The formation_energy_table function returns a list of pandas.DataFrame objects (or a single DataFrame object if a certain chemical potential facet was chosen), which we can save to csv as shown below. As a csv file, this can then be easily imported to Microsoft Word or to LaTeX (using e.g. https://www.tablesgenerator.com/latex_tables) to be included in Supporting Information of papers or in theses, which we would recommend for open-science, queryability and reproducibility!

formation_energy_df.to_csv(f"V_Cd_Formation_Energies_Te_Rich.csv", index=False)
!head V_Cd_Formation_Energies_Te_Rich.csv
Defect,q,ΔEʳᵃʷ,qE_VBM,qE_F,Σμ_ref,Σμ_formal,E_corr,ΔEᶠᵒʳᵐ,Path
v_Cd_0,0,4.166,0.0,0,-1.016,-1.251,0.0,1.899,CdTe/v_Cd_0/vasp_ncl
v_Cd_-1,-1,6.13,-1.646,0,-1.016,-1.251,0.225,2.441,CdTe/v_Cd_-1/vasp_ncl
v_Cd_-2,-2,7.661,-3.293,0,-1.016,-1.251,0.738,2.838,CdTe/v_Cd_-2/vasp_ncl

Example LaTeX table generated from the above csv file for a thesis:

image.png

Analysing Finite-Size Charge Corrections

Kumagai-Oba (eFNV) Charge Correction Example:

As mentioned above, doped can automatically compute either the Kumagai-Oba (eFNV) or Freysoldt (FNV) finite-size charge corrections, to account for the spurious image charge interactions in the defect supercell approach (see the YouTube tutorial for more details). The eFNV correction is used by default if possible (if the required OUTCAR(.gz) files are available), as it is more general – can be used for both isotropic and anisotropic systems – and the numerical implementation is more efficient, requiring smaller file sizes and running quicker.

Below, we show some examples of directly visualising the charge correction plots (showing how they are computed), which is recommended if any warnings about the charge correction accuracy are printed when parsing our defects (also useful for understanding how the corrections are performed!).

Here we’re taking the example of a Fluorine-on-Oxygen antisite substitution defect in Y2Ti2O5S2 (a potential photocatalyst and n-type thermoelectric), which has a non-cubic anisotropic structure and dielectric constant:

from doped.analysis import DefectParser  # can use DefectParser to parse individual defects if desired
F_O_1_entry = DefectParser.from_paths(defect_path="YTOS/F_O_1", bulk_path="YTOS/Bulk",
                                                dielectric = [40.7, 40.7, 25.2]).defect_entry
print(f"Charge: {F_O_1_entry.charge_state:+} at site: {F_O_1_entry.defect_supercell_site.frac_coords}")
print(f"Finite-size charge corrections: {F_O_1_entry.corrections}")
Charge: +1 at site: [0. 0. 0.]
Finite-size charge corrections: {'kumagai_charge_correction': 0.12691248591191384}

Above, the defect has been parsed and the anisotropic (eFNV) charge correction correctly applied, with no warnings thrown.

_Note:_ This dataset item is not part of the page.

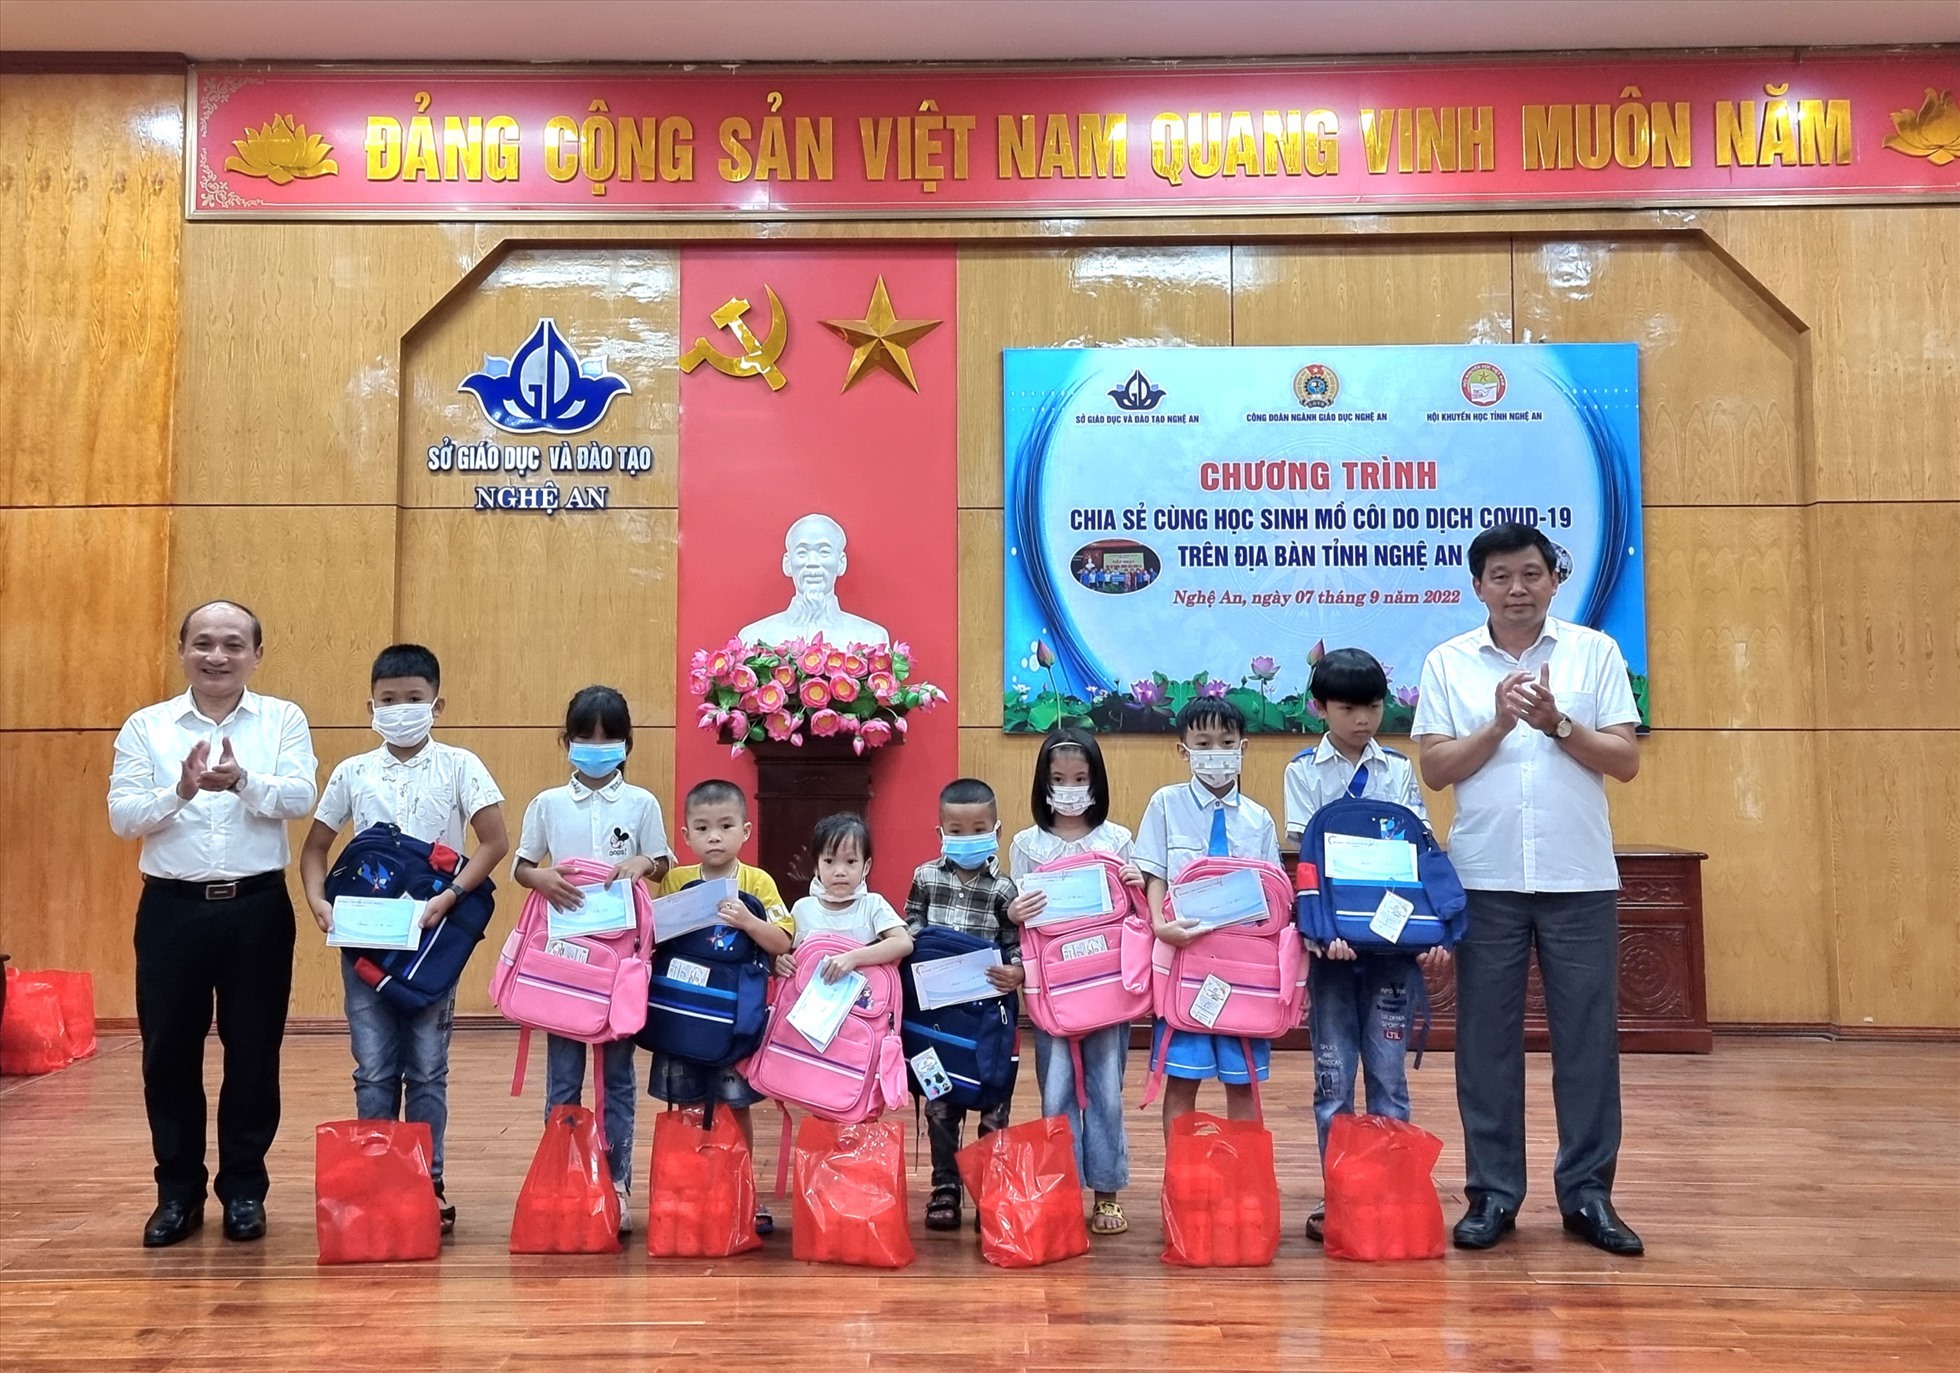 Chủ tịch Hội Khuyến học và Liên đoàn lao động tỉnh Nghệ An trao quà cho các em học sinh. Ảnh: QĐ

We can directly plot the atomic site potentials which are used to compute this charge correction if we want: (Though typically we only do this if there has been some warning or error related to the application of the defect charge correction – here we’re just showing as a demonstration)

Note

Typically we only analyze the charge correction plots like this if there has been some warning or error related to the defect charge correction (or to aid our understanding of the underlying formation energy calculations). Here we’re just showing as a demonstration.

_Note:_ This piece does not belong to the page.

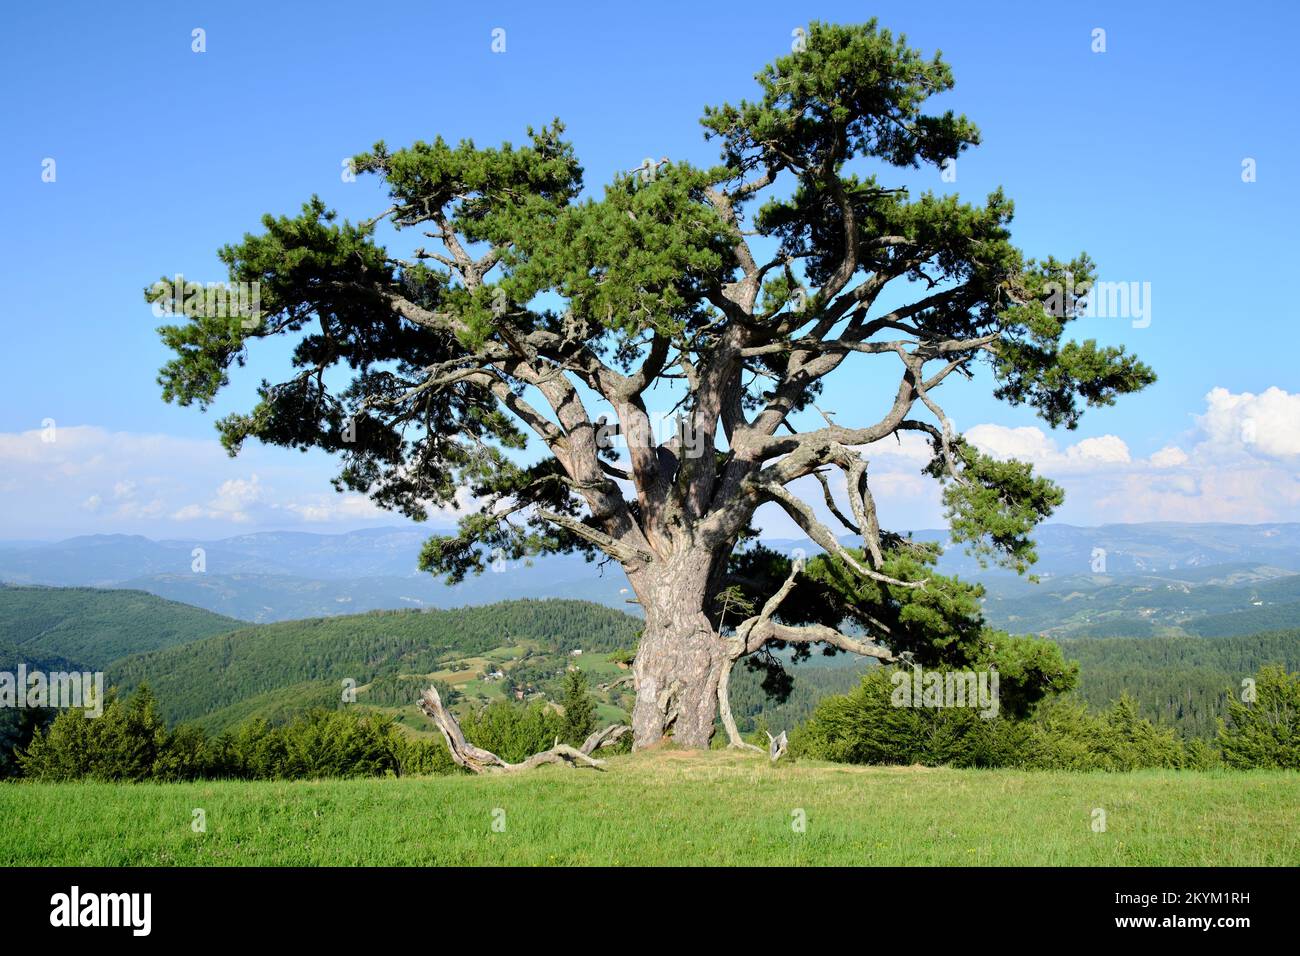 old pine tree 'Sveti Bor' in mountain of Serbia, Kamena Gora Stock Photo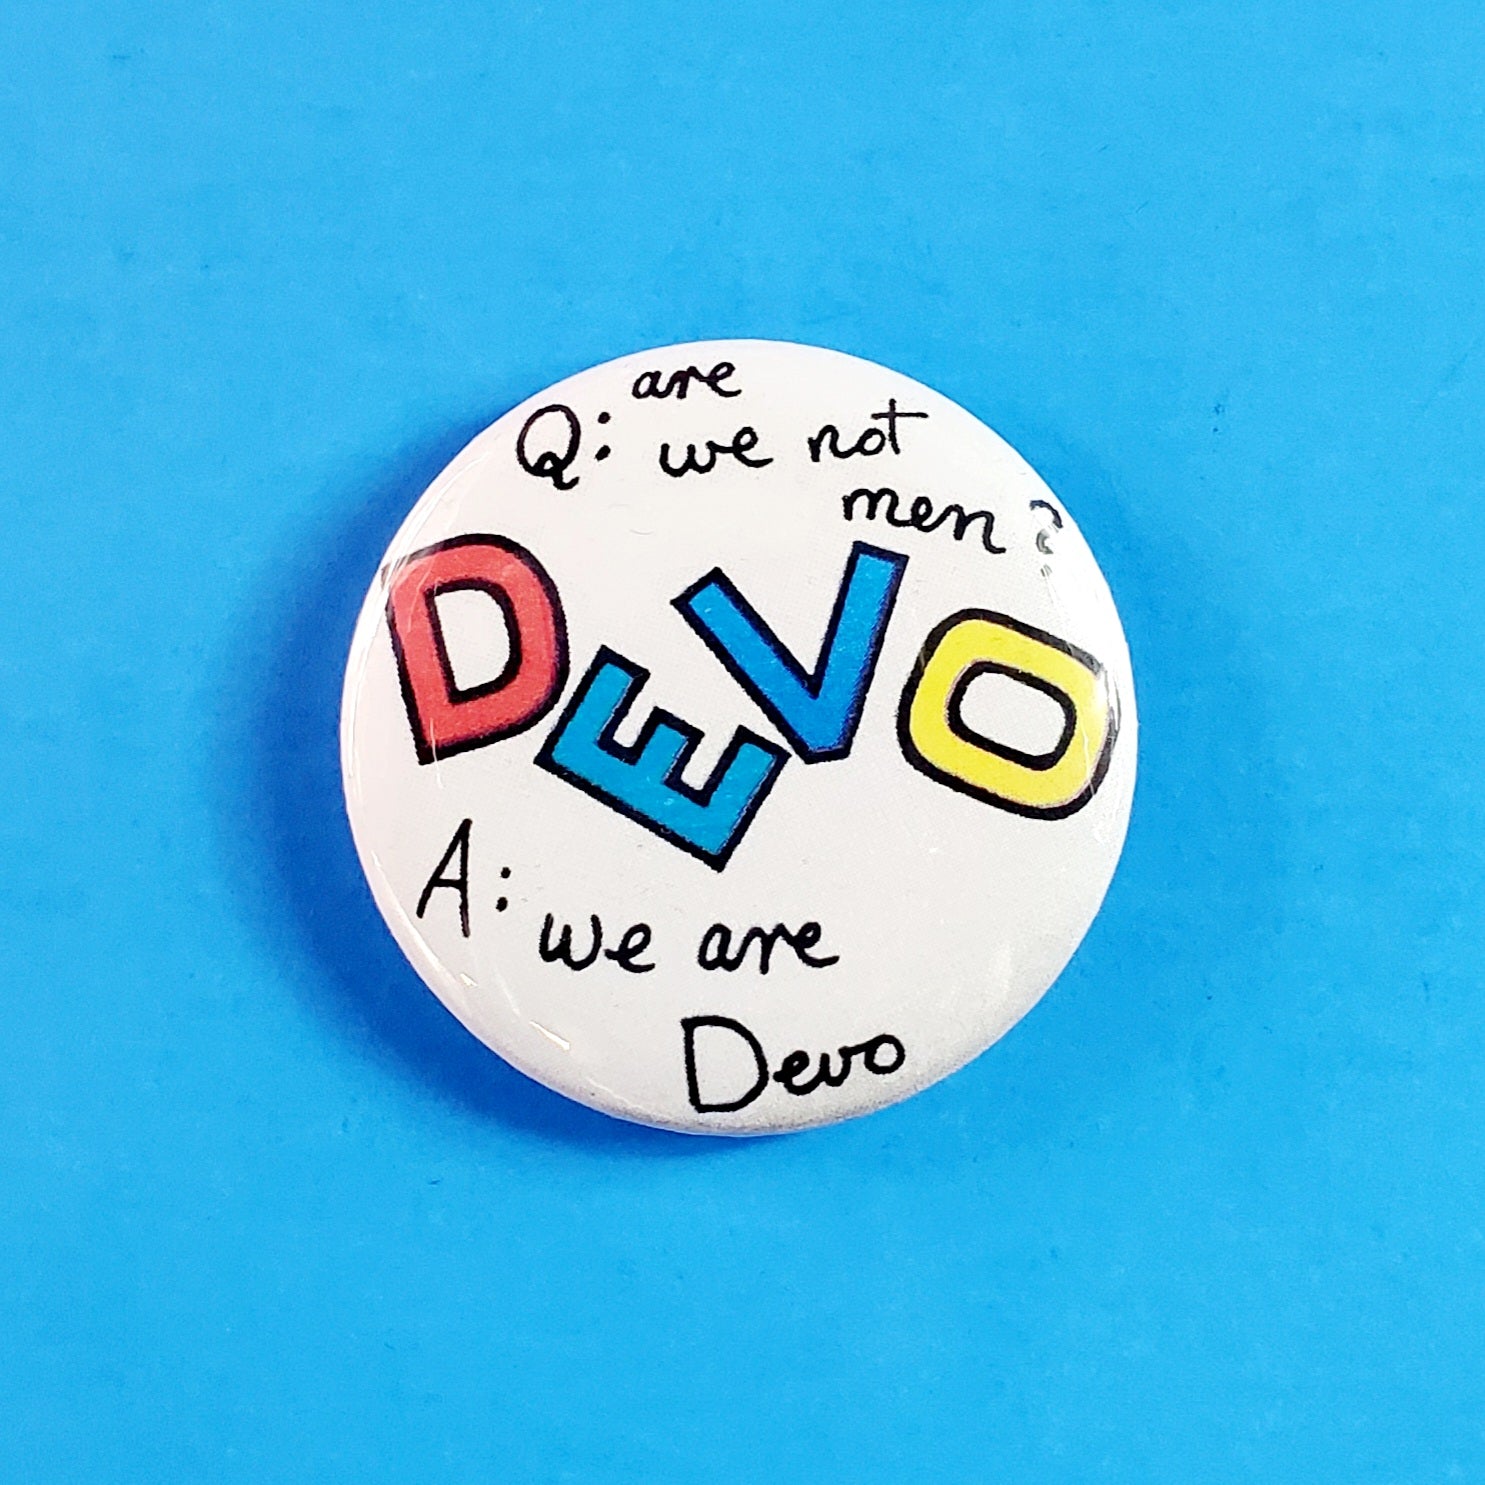 Devo “Are We Not Men?” 2.25" Button

correction, plot = F_O_1_entry.get_kumagai_correction(plot=True)
Calculated Kumagai (eFNV) correction is 0.127 eV
_images/71242330269a111e85be28d19e2d7727305c363caaef24da081ef0c9c88a7895.png

Here we can see we obtain a good plateau in the atomic potential differences (ΔV) between the defect and bulk supercells in the ‘sampling region’ (i.e. region of defect supercell furthest from the defect site), the average of which is used to obtain our potential alignment (‘Avg. ΔV’) and thus our final charge correction term.

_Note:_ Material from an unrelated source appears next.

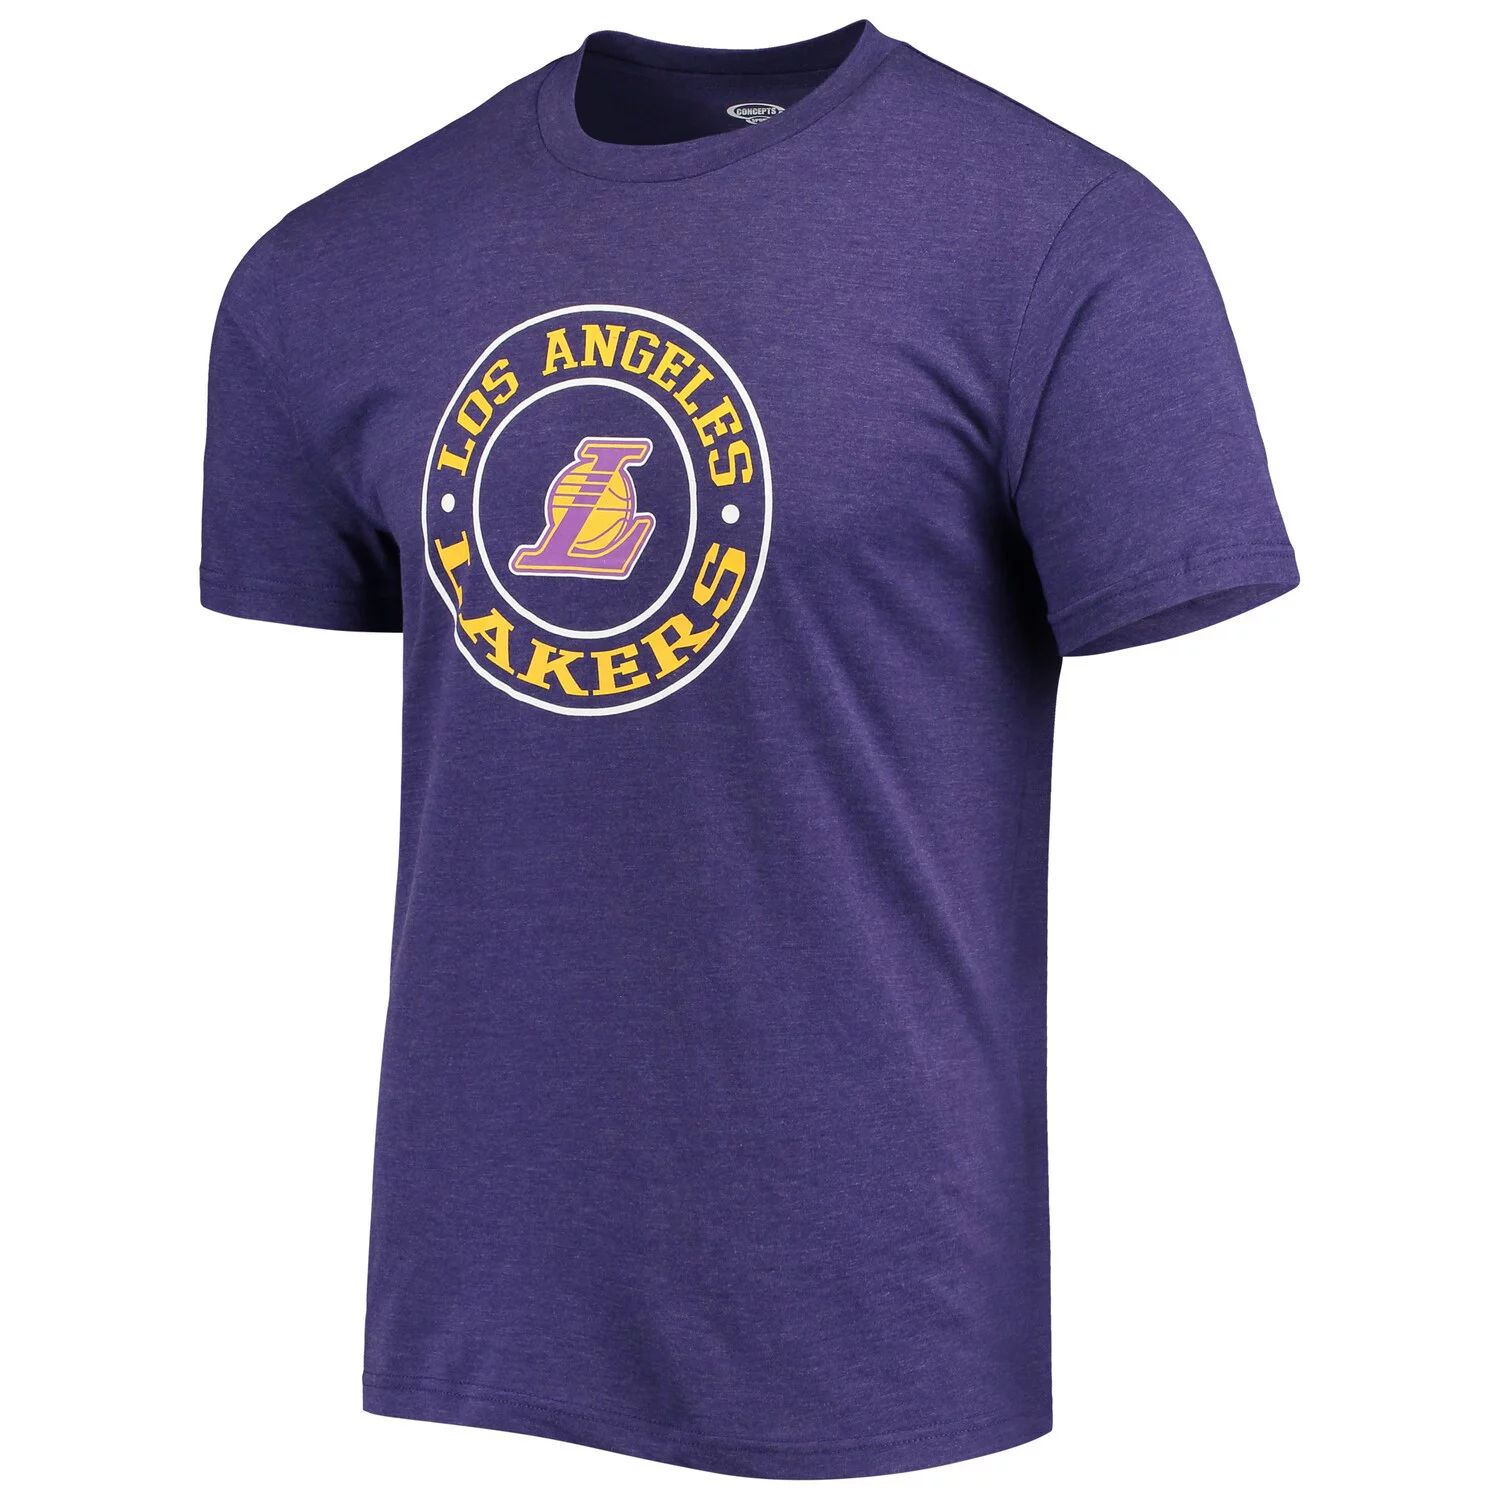 Мужской комплект для сна с футболкой и шортами для сна Лос-Анджелес Лейкерс черного/фиолетового цвета Concepts Sport

If there is still significant variance in the site potential differences in the sampling region (i.e. a converged plateau is not obtained), then this suggests that the charge correction may not be as accurate for that particular defect or supercell. This error range of the charge correction is automatically computed by doped, and can be returned using the return_correction_error argument in get_kumagai_correction/get_freysoldt_correction, or also by adjusting the error_tolerance argument:

correction = F_O_1_entry.get_kumagai_correction(error_tolerance=0.0001)  # extremely strict tolerance, 0.1 meV
Calculated Kumagai (eFNV) correction is 0.127 eV
core.py:215: UserWarning: Estimated error in the Kumagai (eFNV) charge correction for defect F_O_1 is 0.001 eV (i.e. which is than the `error_tolerance`: 0.000 eV). You may want to check the accuracy of the correction by plotting the site potential differences (using `defect_entry.get_kumagai_correction()` with `plot=True`). Large errors are often due to unstable or shallow defect charge states (which can't be accurately modelled with the supercell approach). If this error is not acceptable, you may need to use a larger supercell for more accurate energies.
correction, error = F_O_1_entry.get_kumagai_correction(return_correction_error=True)
error  # calculated error range of 1.3 meV in our charge correction here
Calculated Kumagai (eFNV) correction is 0.127 eV
0.0013276476471274629

Freysoldt (FNV) Charge Correction Example:

Above, we used the Kumagai-Oba (eFNV) defect image charge correction scheme, which is compatible only with both isotropic and anisotropic dielectric screening.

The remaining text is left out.